Work required:
Copy out all of the lines below exactly; the pictures do not belong in the copy.

:::

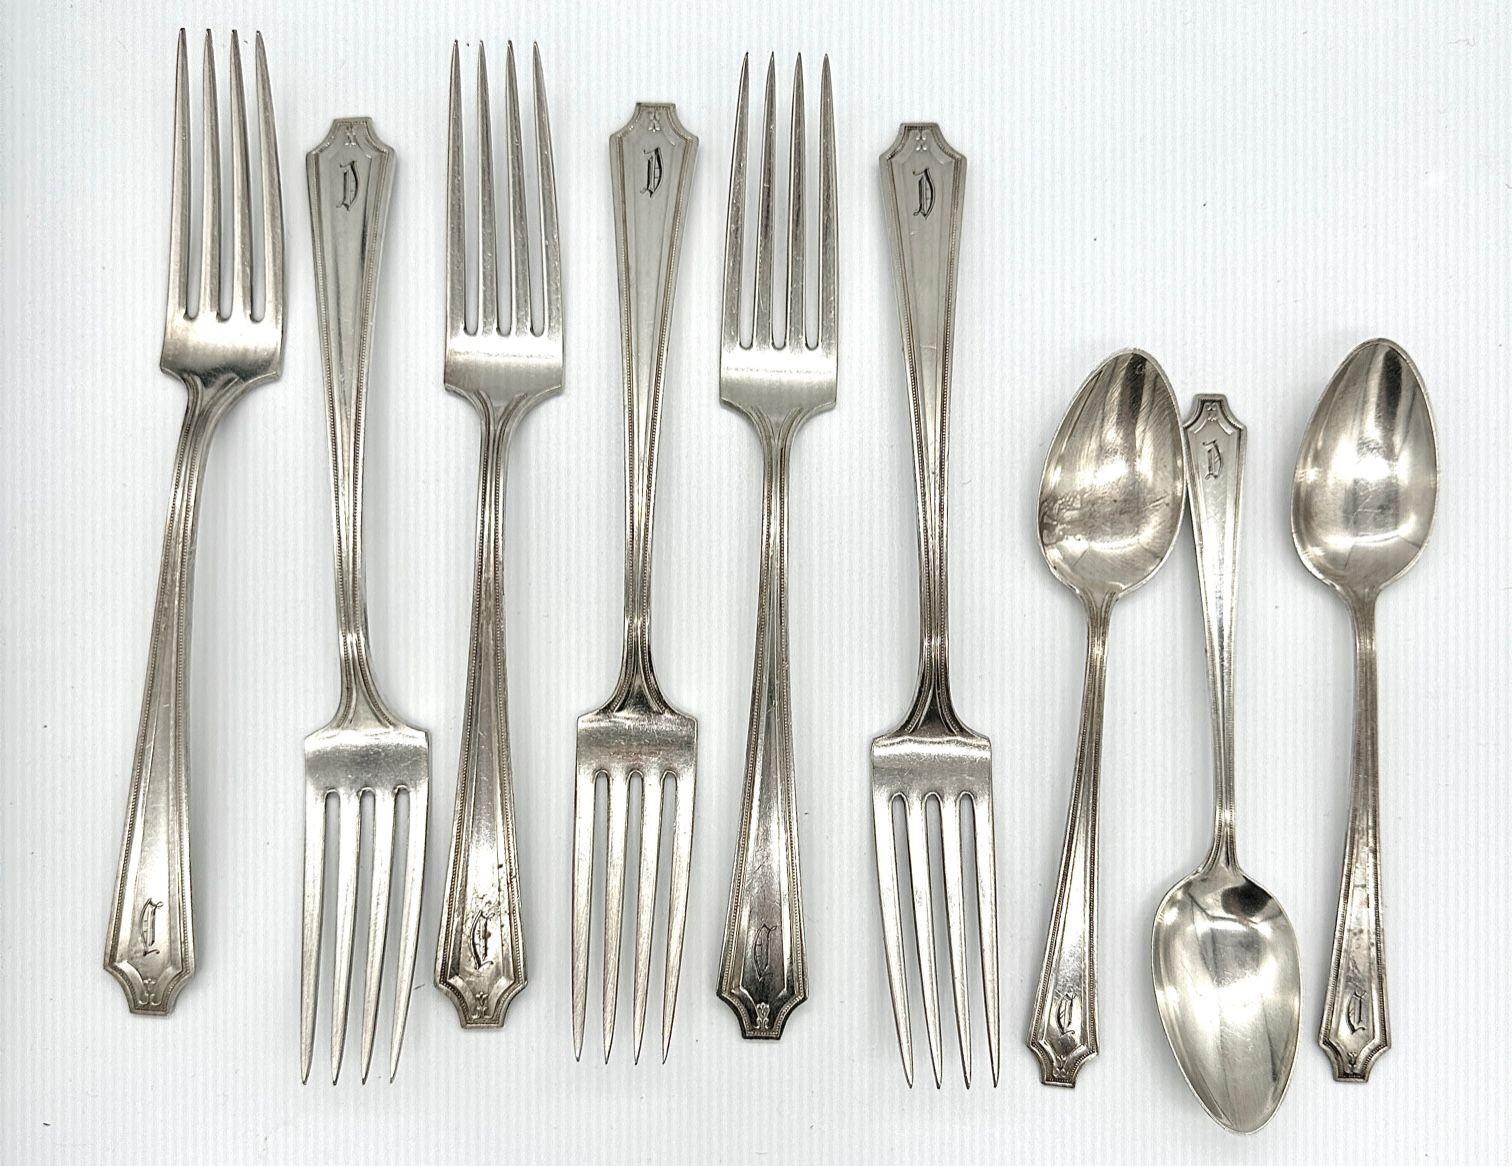 Art Deco Old French King Albert Sterling Silverware Set of 15 by Whiting Manf Co
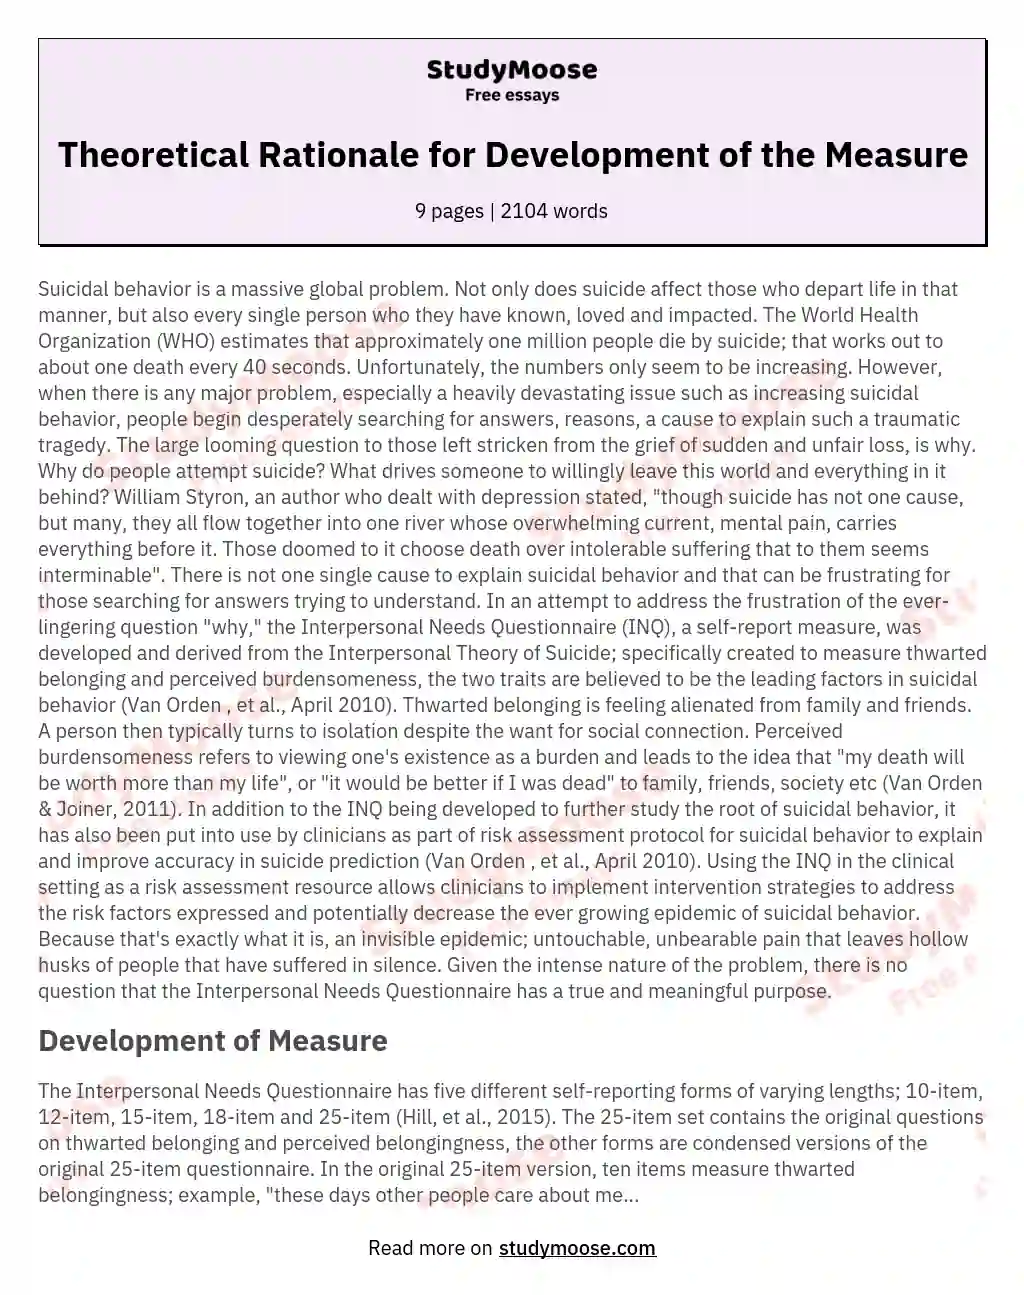 Theoretical Rationale for Development of the Measure essay
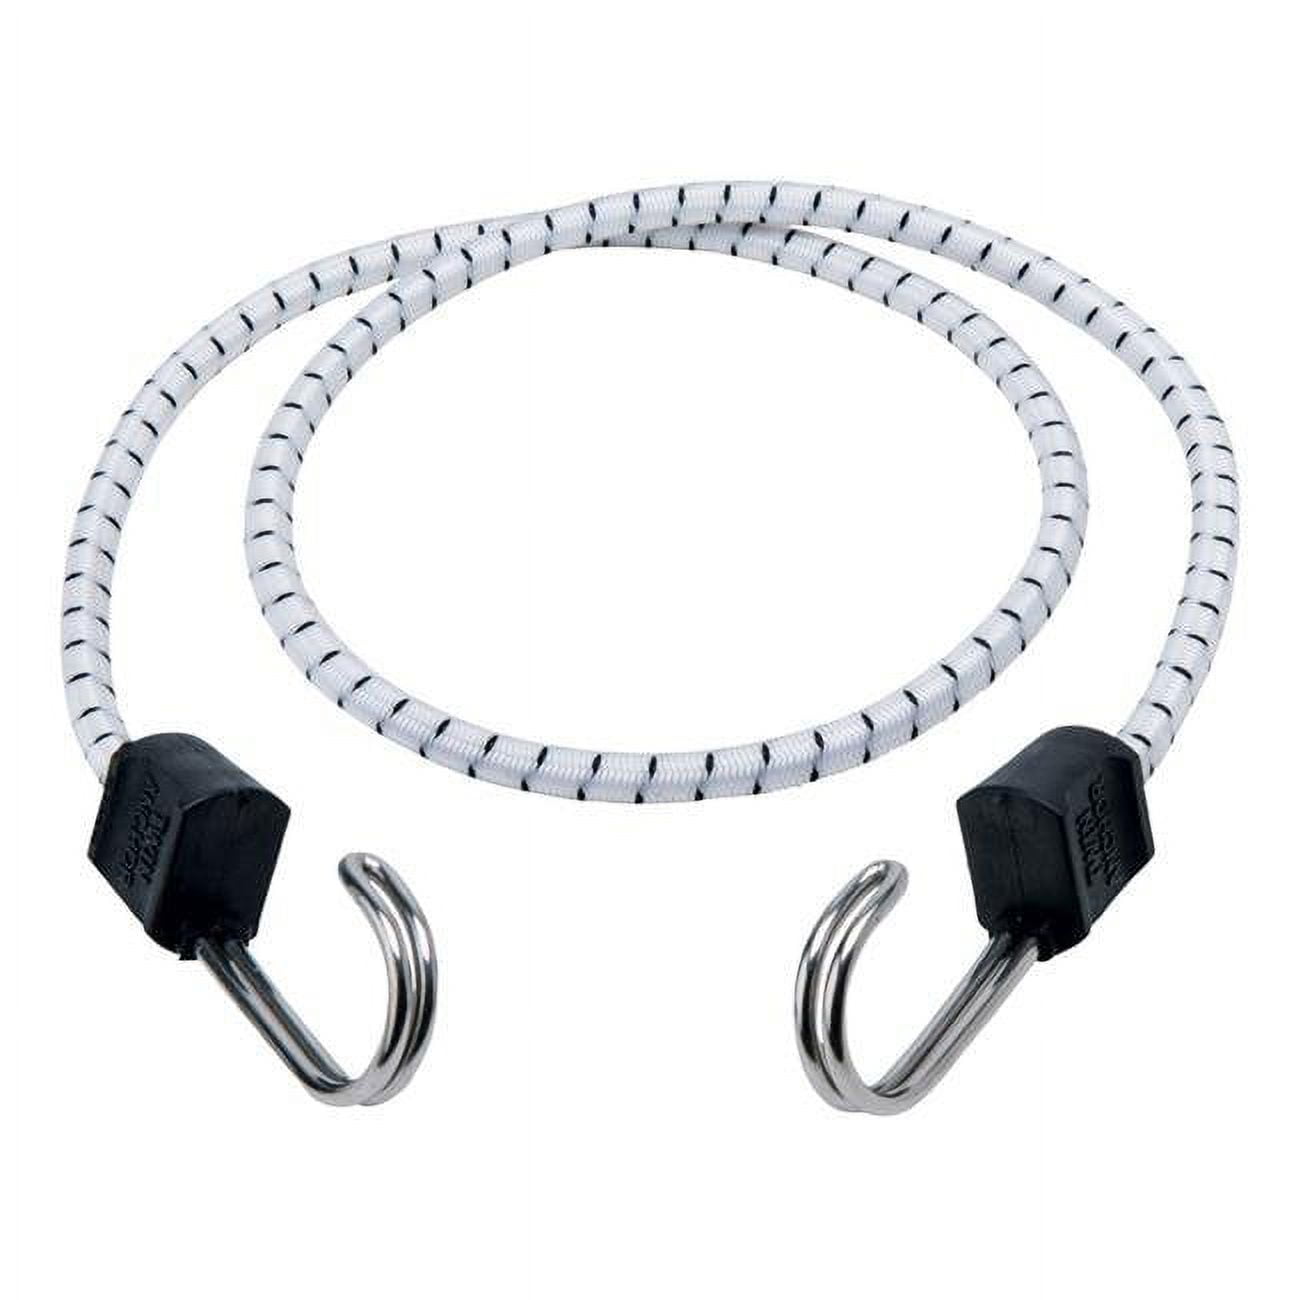 8866550 40 In. Marine Twin Anchor Bungee Cord, White & Black - Pack Of 10
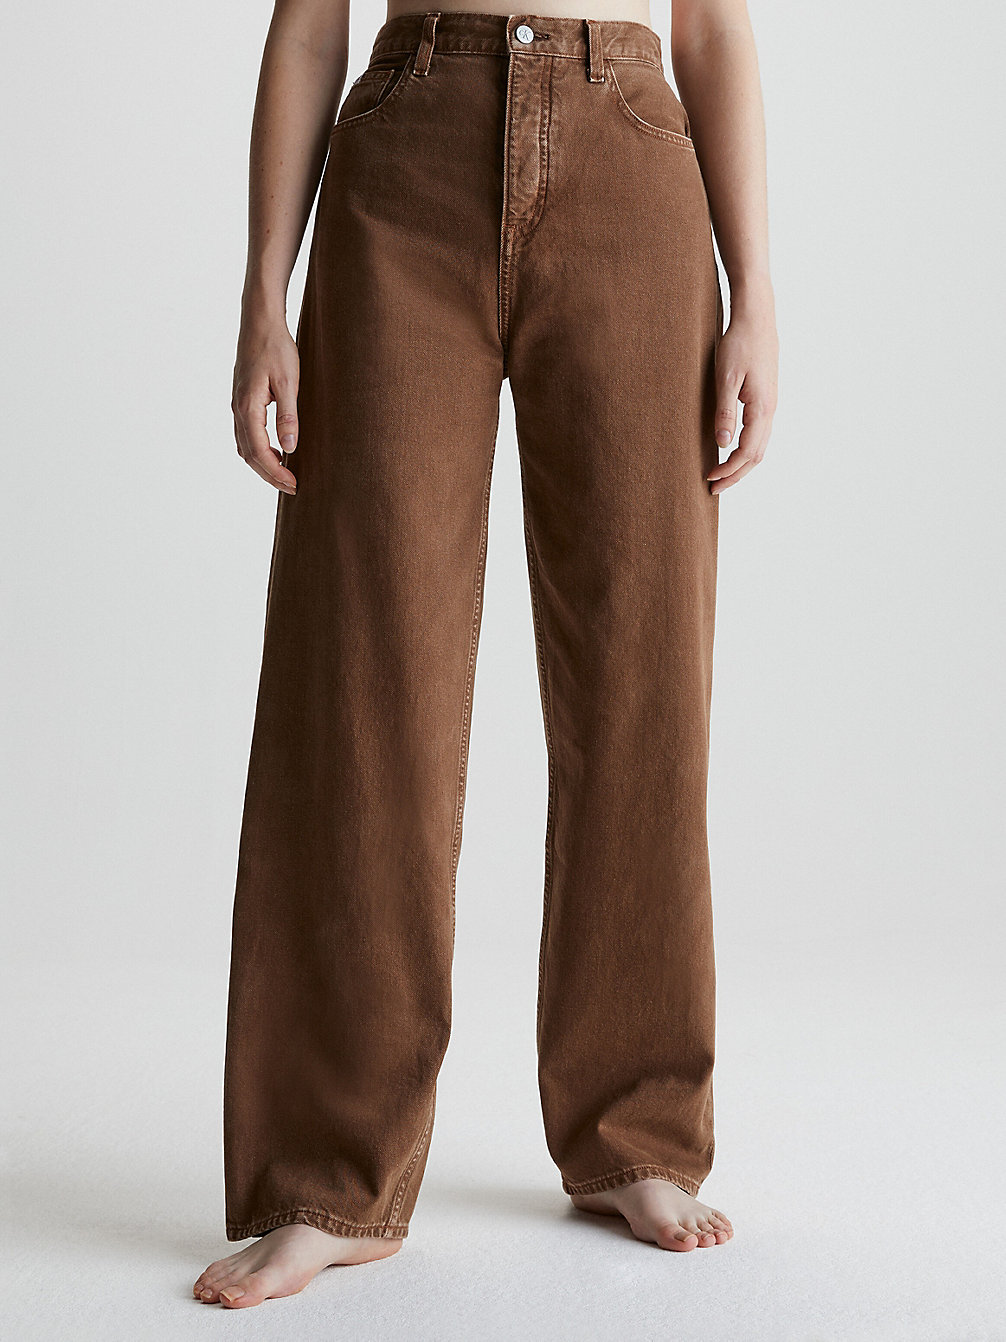 High Rise Relaxed Jeans > BISON > undefined donna > Calvin Klein
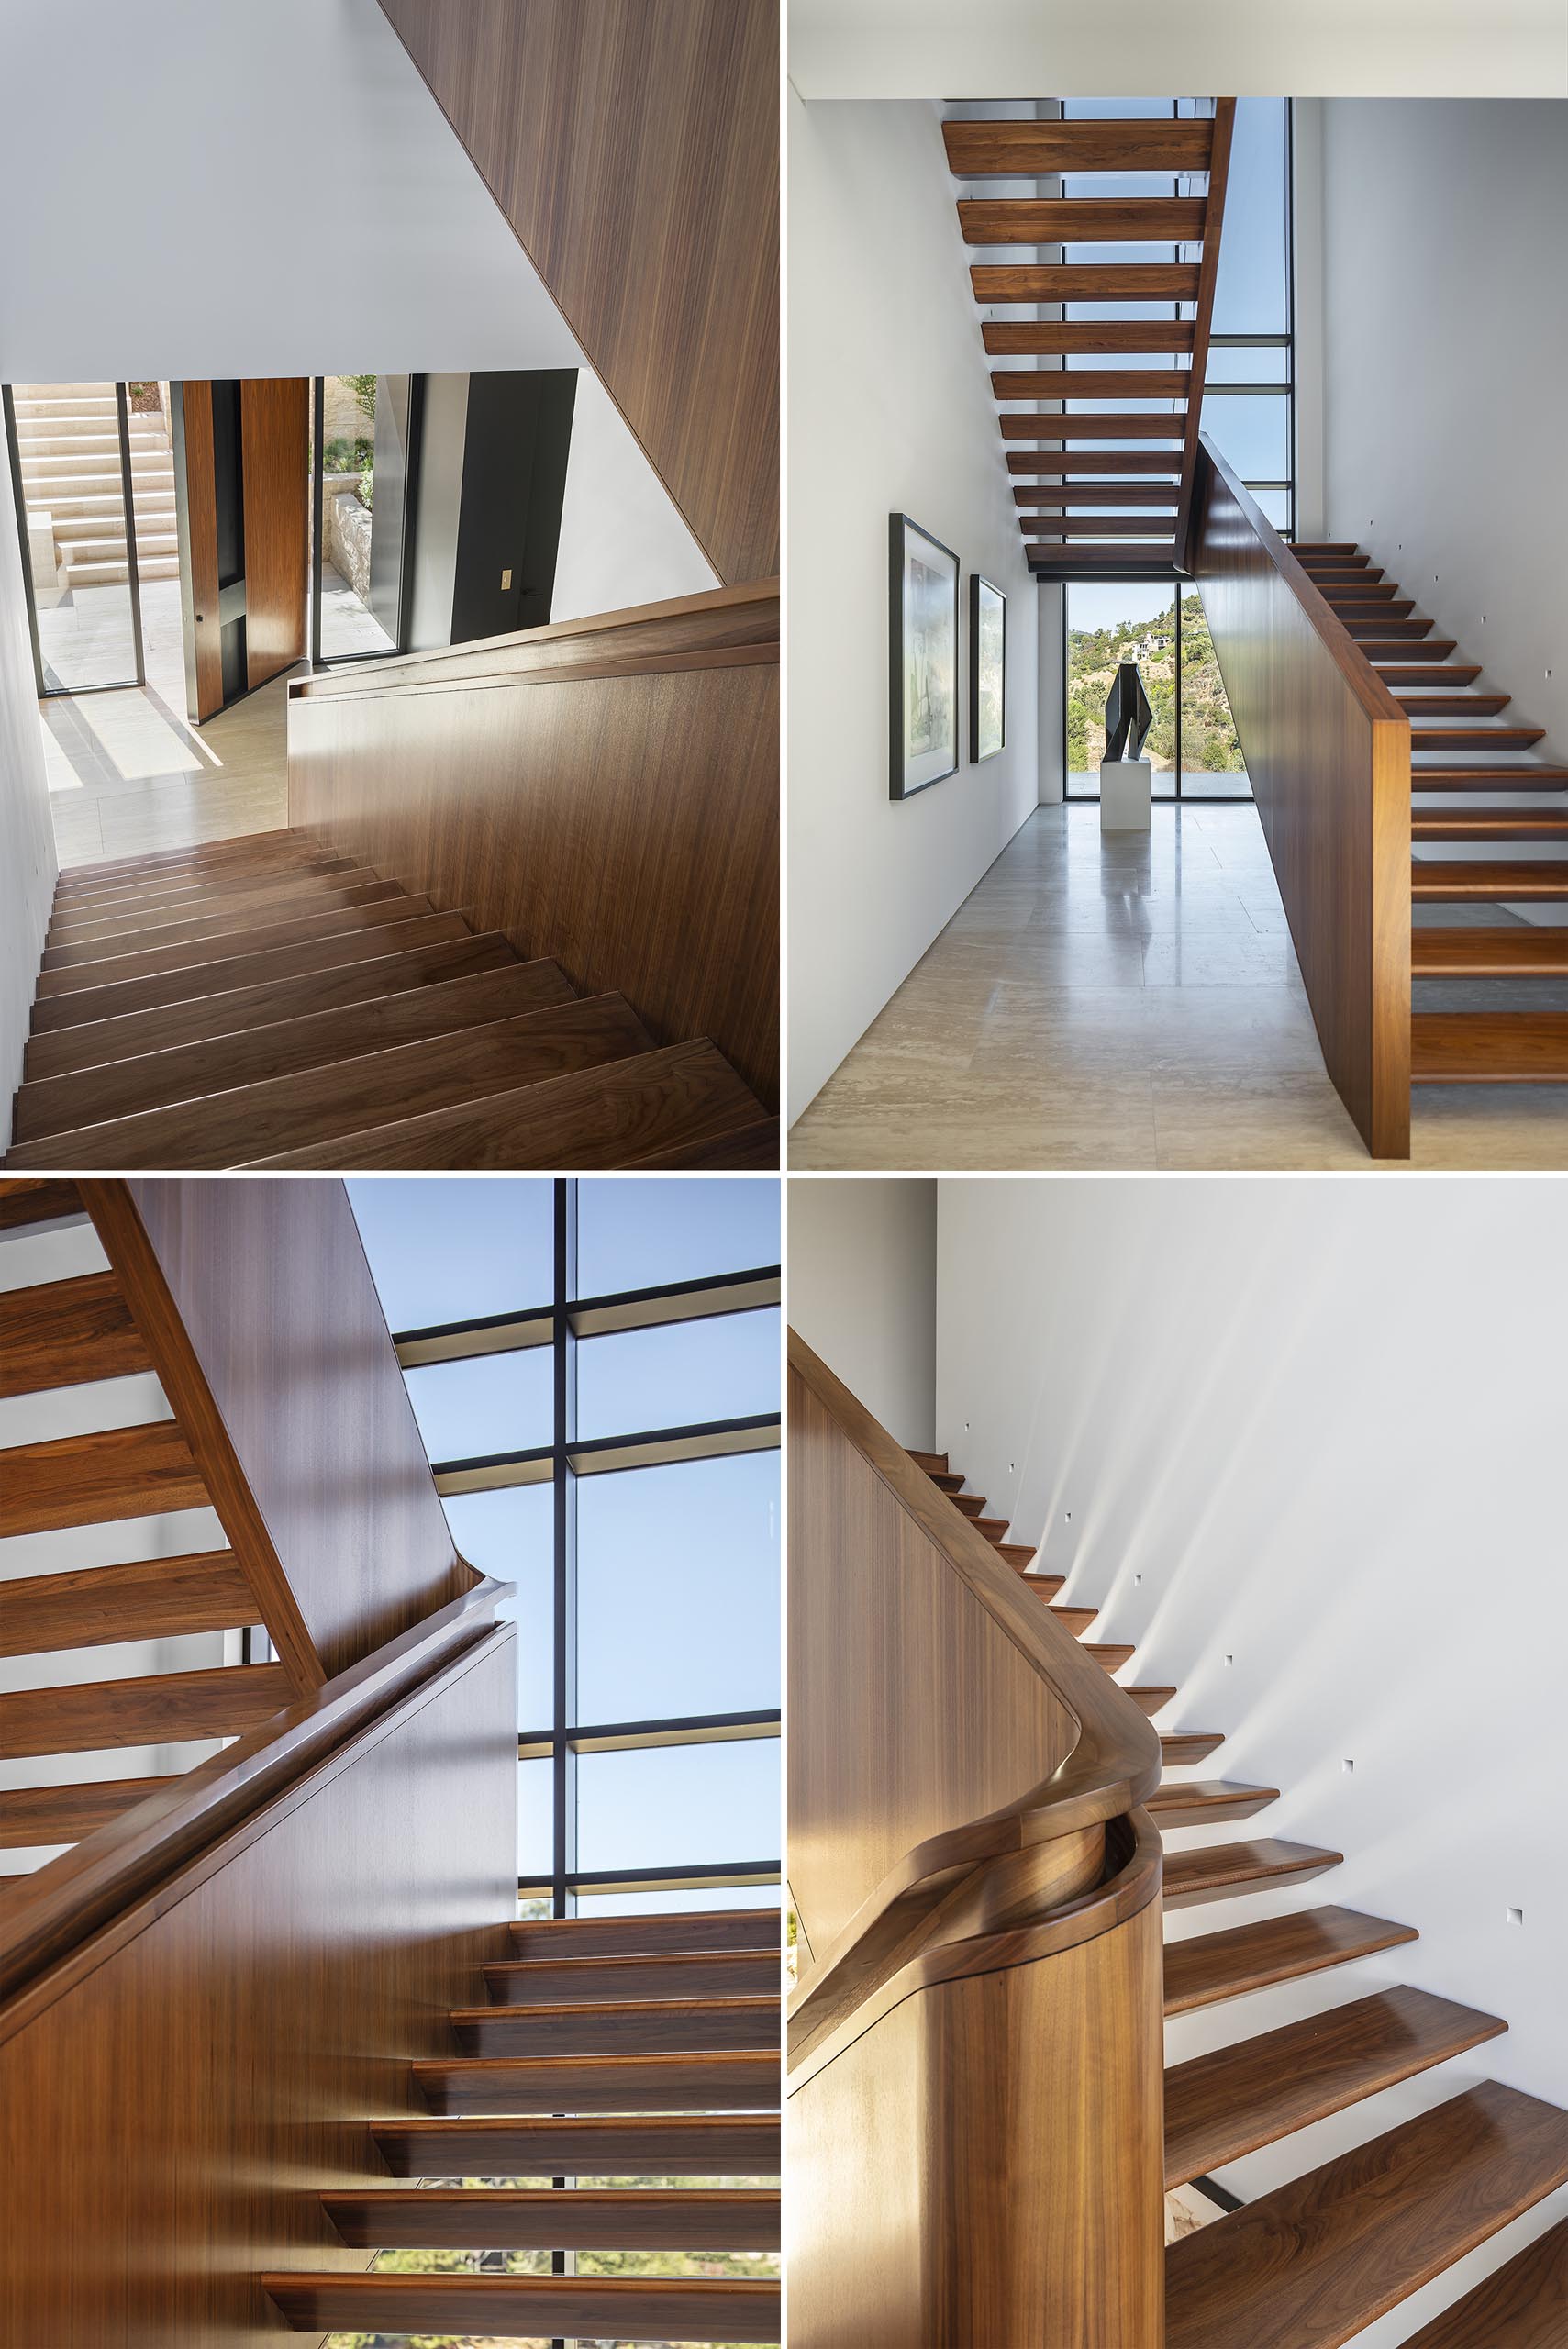 A modern wood staircase with built-in handrail.

:::

Written answer:
 Art Deco Old French King Albert Sterling Silverware Set of 15 by Whiting Manf Co
 Theoretical Rationale for Development of the Measure essay
 8866550 40 In. Marine Twin Anchor Bungee Cord, White & Black - Pack Of 10
 High Rise Relaxed Jeans > BISON > undefined donna > Calvin Klein
 A modern wood staircase with built-in handrail.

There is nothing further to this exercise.